Samuel Estreicher's article prompts reforms by National Labor Relations Board general counsel

Samuel EstreicherAn article by Samuel Estreicher, Dwight D. Opperman Professor of Law and director of NYU's Center for Labor and Employment Law, in the ABA Journal of Labor & Employment Law has prompted the enforcement arm of the National Labor Relations Board to change the way it responds to the firing of workers attempting to organize unions.
 
In outlining his new initiative to expedite the processing of preliminary injunctions against employers who discharge employees for supporting unions, Lafe Solomon, acting general counsel of the NLRB, credited Estreicher's article with inspiring the changes by targeting areas for administrative reform at the agency short of amending the labor laws.
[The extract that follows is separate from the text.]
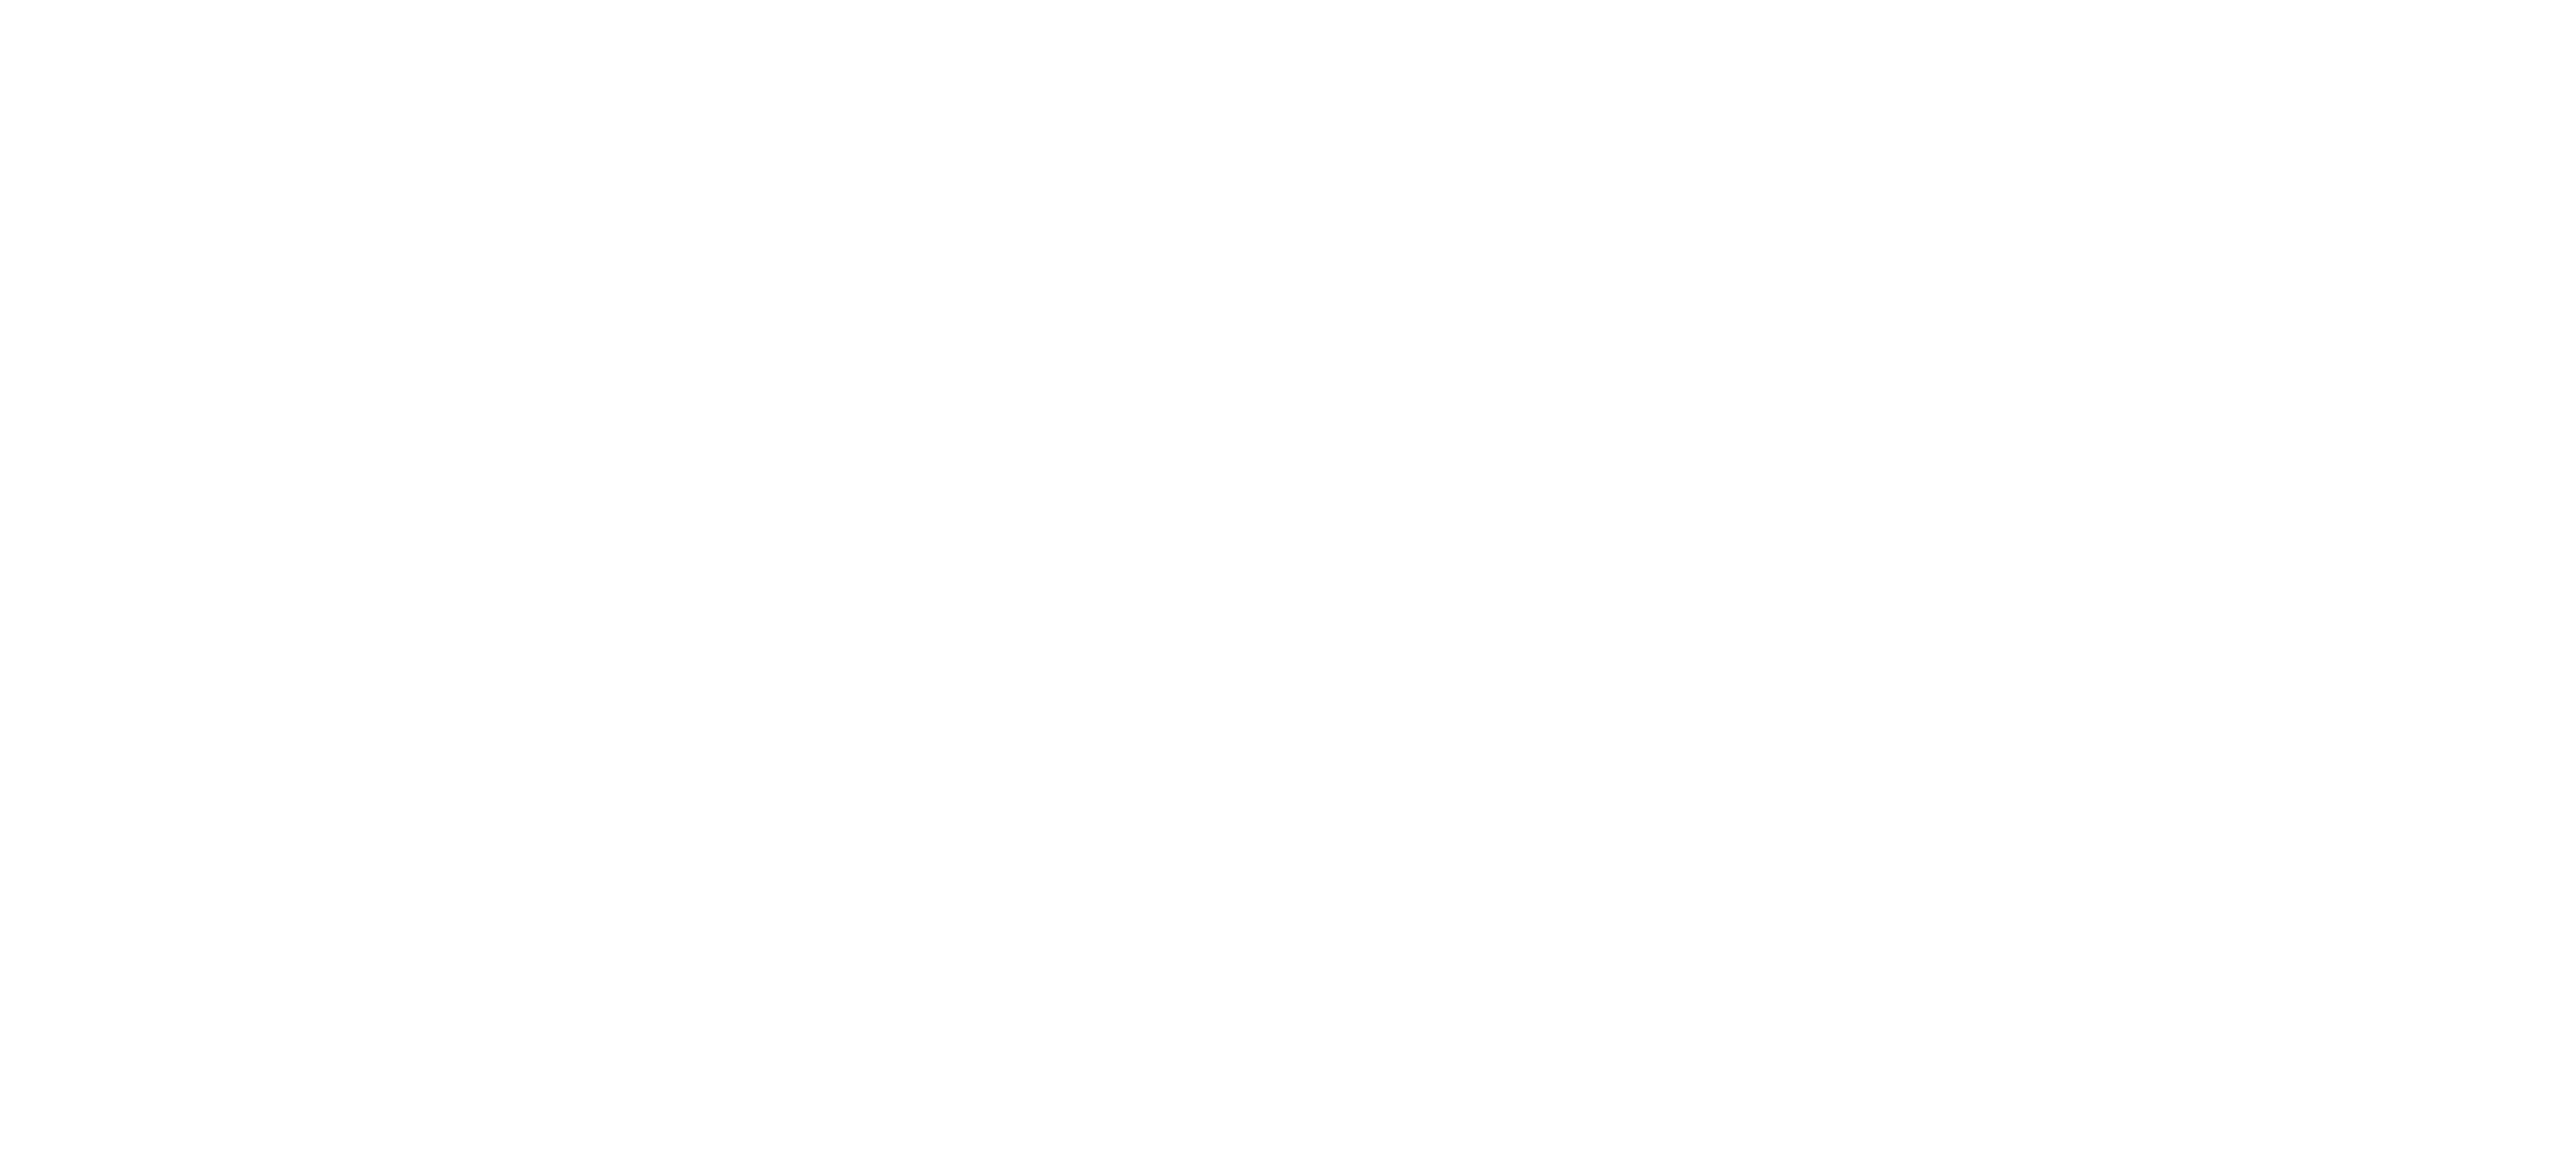 Universidad de la Ciudad de Aguascalientes

Estreicher's 2004-08 statistics showed an average of 334 days between the filing of a charge and the filing of court papers seeking an injunction.
 
“That is much too long,” Solomon said in the Daily Labor Report, “so we've redesigned the process to try to remove the obstacles along the way.”
 
Estreicher has long urged the NLRB to improve its internal processes so that "it does a better of job of performing its basic functions, reinstating employees who have been discriminated against and holding prompt elections to decide union majority support," he said.
 
The Daily Labor Report also recently reported on Preston Pugh '97, an advisory board member of the Center for Labor and Employment Law, who has been appointed consent decree monitor of a settlement between the Equal Employment Opportunity Commission and trucking firm YRC Inc. The case involved allegations of racial harassment and discrimination by a group of current and former African American employees.